In September, 2014, the Tax authorities in Karnataka barred Amazon India from selling electronics and several other products from its warehouse in the State, by cancelling the licences of third-party merchants who were working with the local unit of the world’s largest online retailer. Notice was served to more than a hundred third party merchants disallowing them to register Amazon’s warehouse as their ‘additional place of business’.

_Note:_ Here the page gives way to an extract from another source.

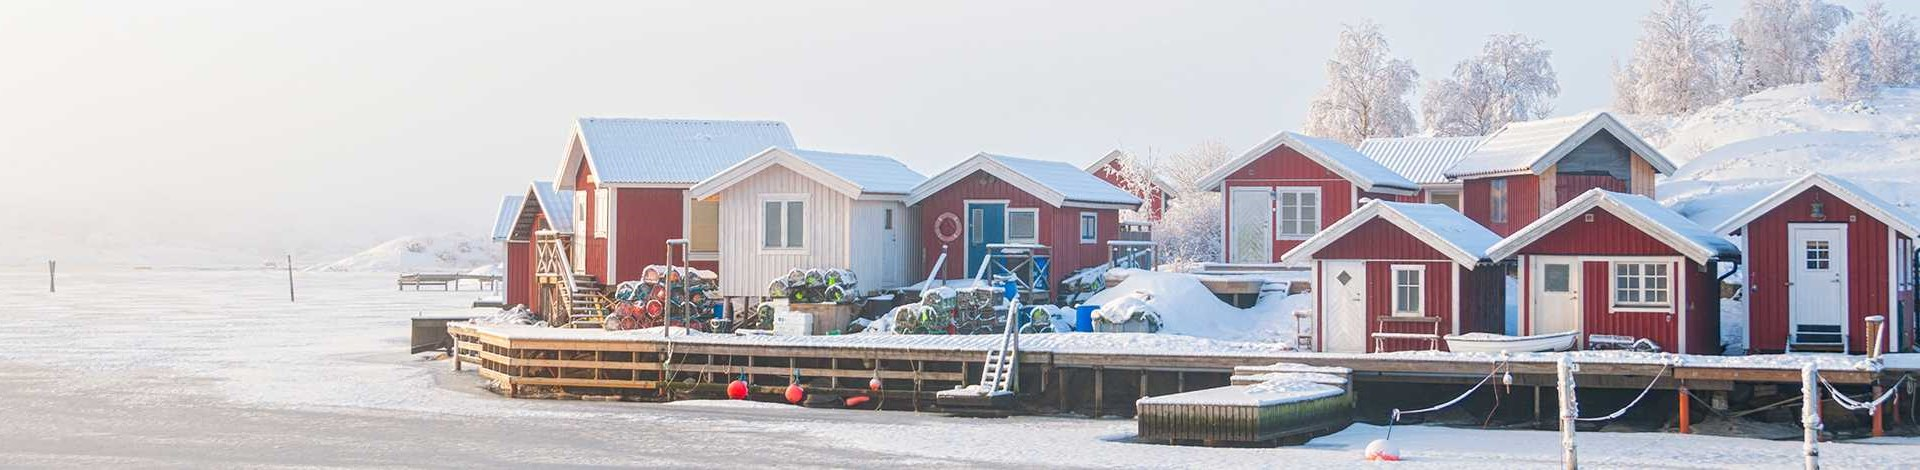 Soderhamn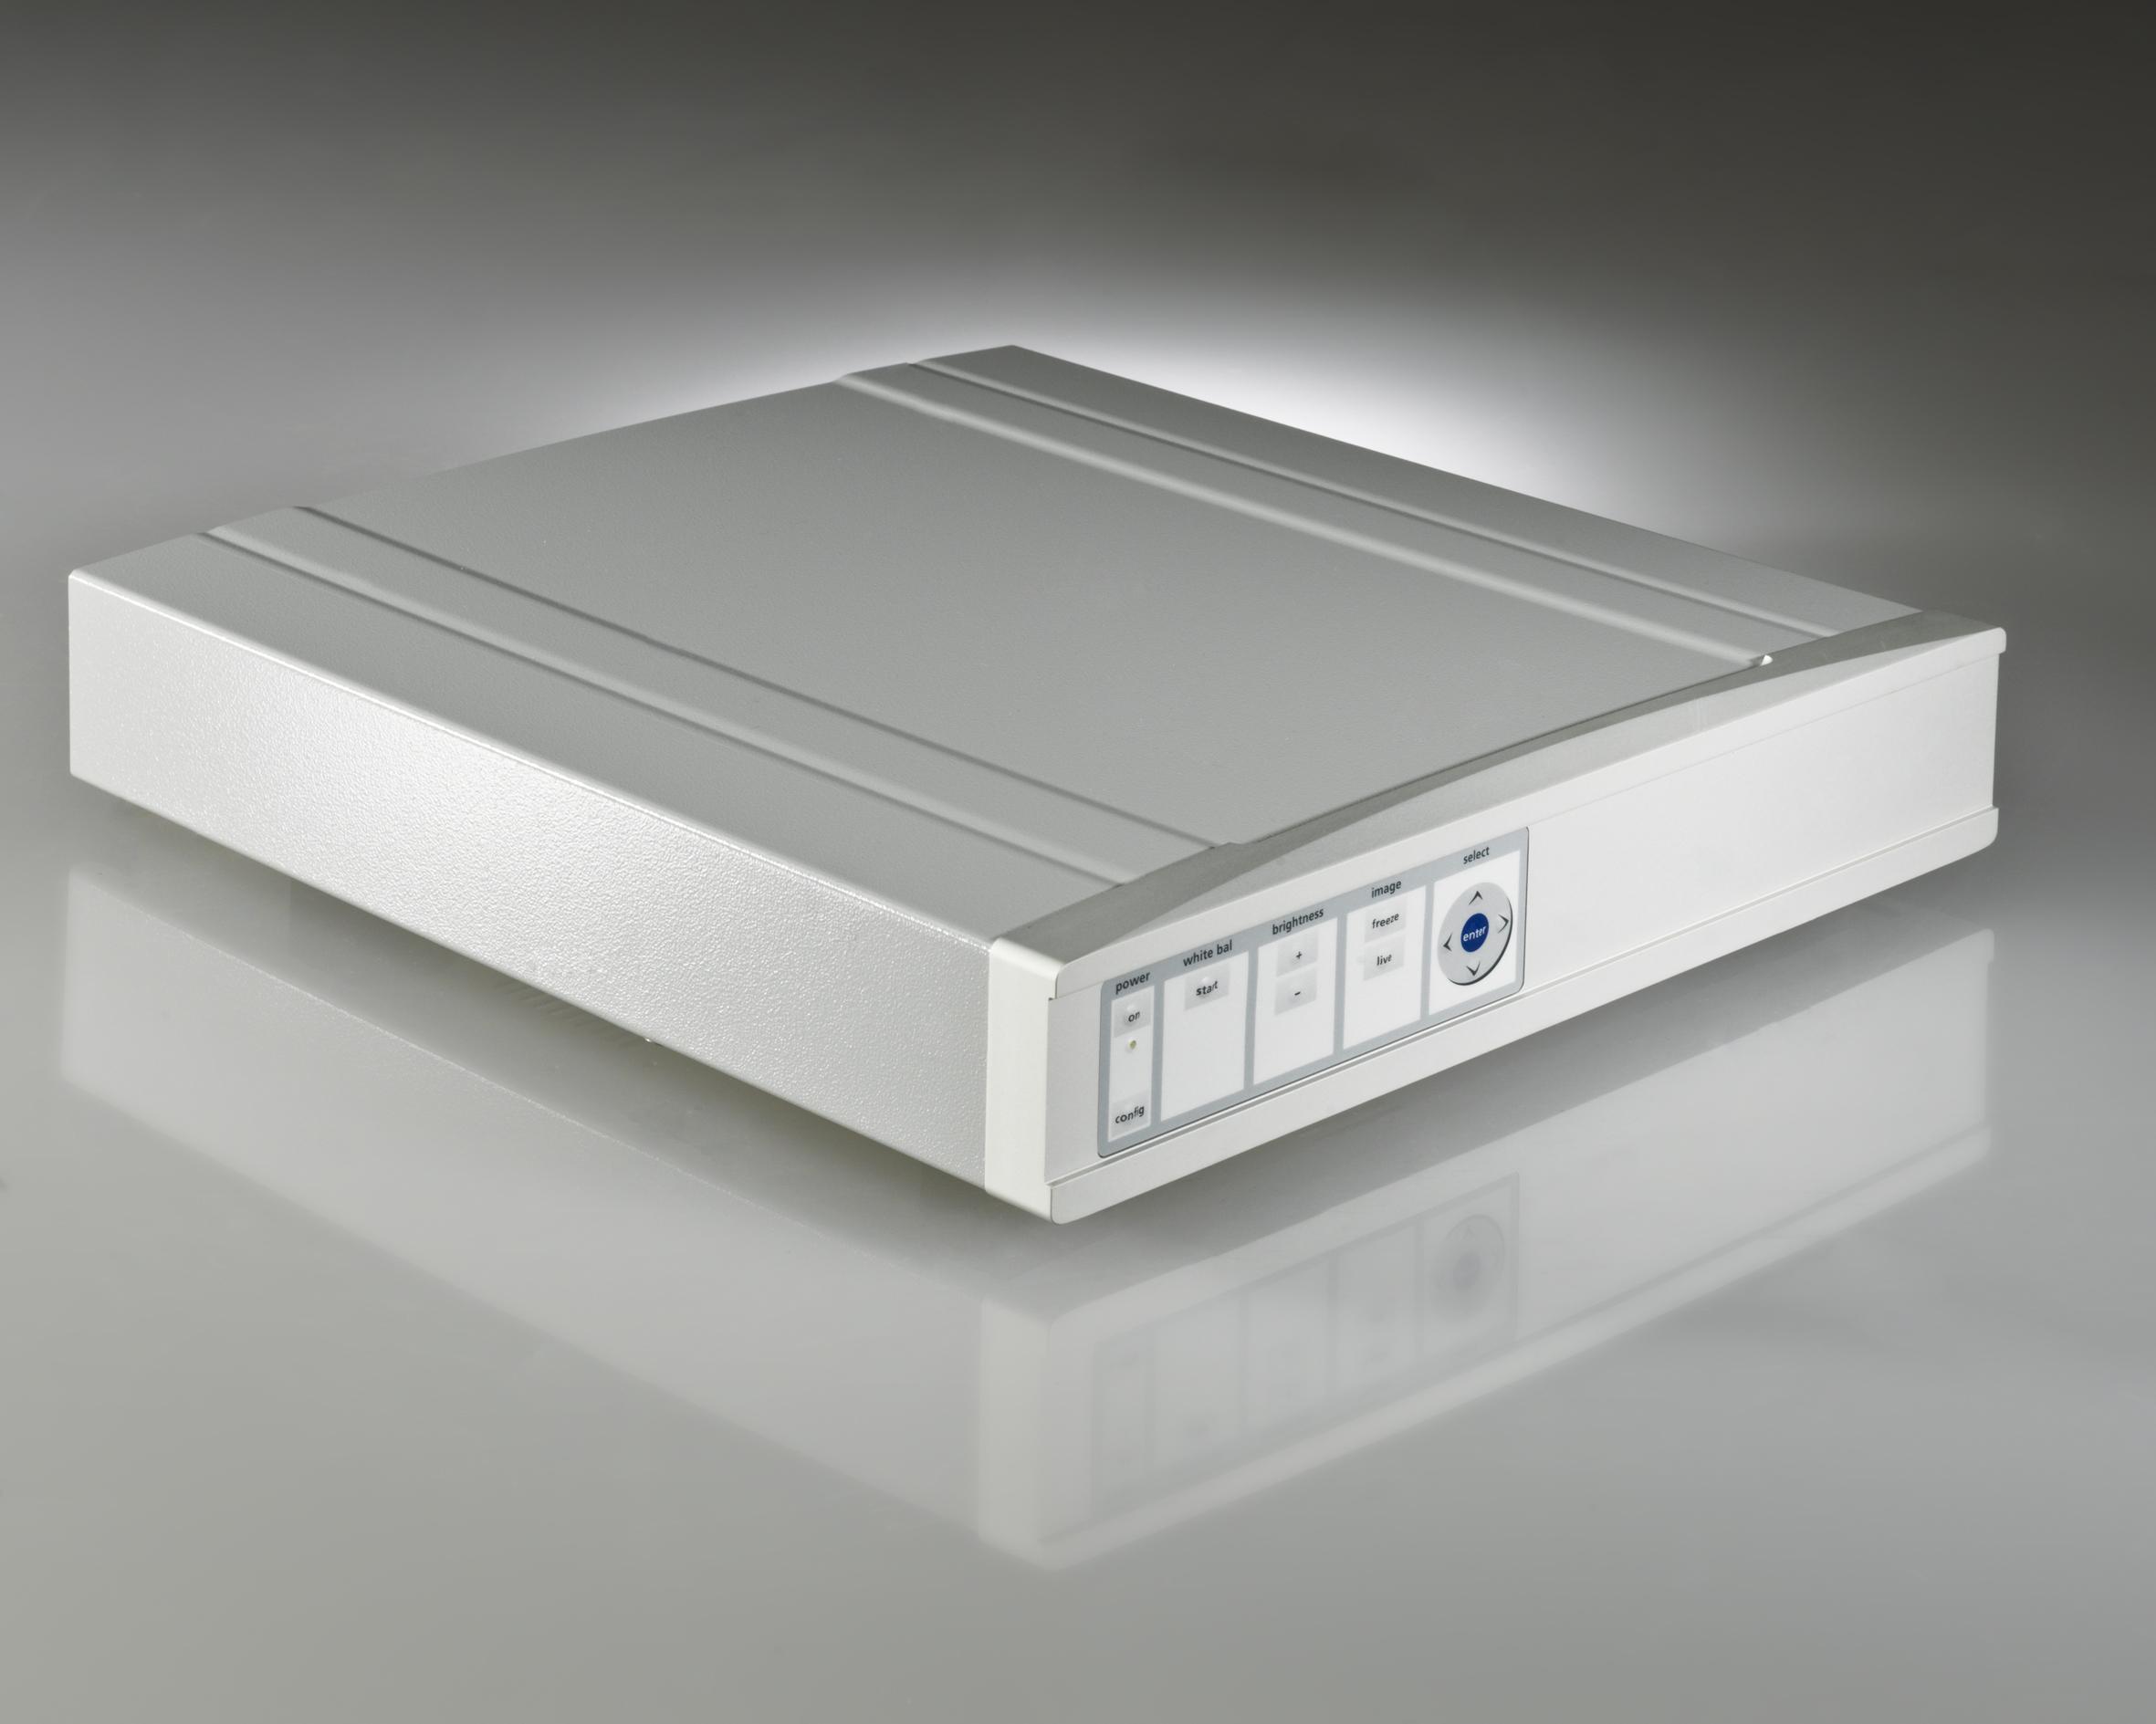 Techpilot | B&S Blech mit System GmbH & Co KG

Amazon India provides a service known as ‘Fulfilled by Amazon’, based on its ‘Marketplace Model’ wherein the company uses cutting edge technologies like data mining and critically examines the available data to predict consumer behaviour, the preference and popularity of certain products and gets the sellers to store his products in one of the warehouses provided by Amazon in India, known as ‘Fulfilment Centres’, thus helping them in the quick delivery of goods in case of same-day or next-day deliveries. To ensure the quick availability of products, the sellers are required to amend their registration to include the companies’ ‘Fulfilment Centre’ as ‘an additional place of business’, based on the agreement entered into between the sellers and the e-commerce companies.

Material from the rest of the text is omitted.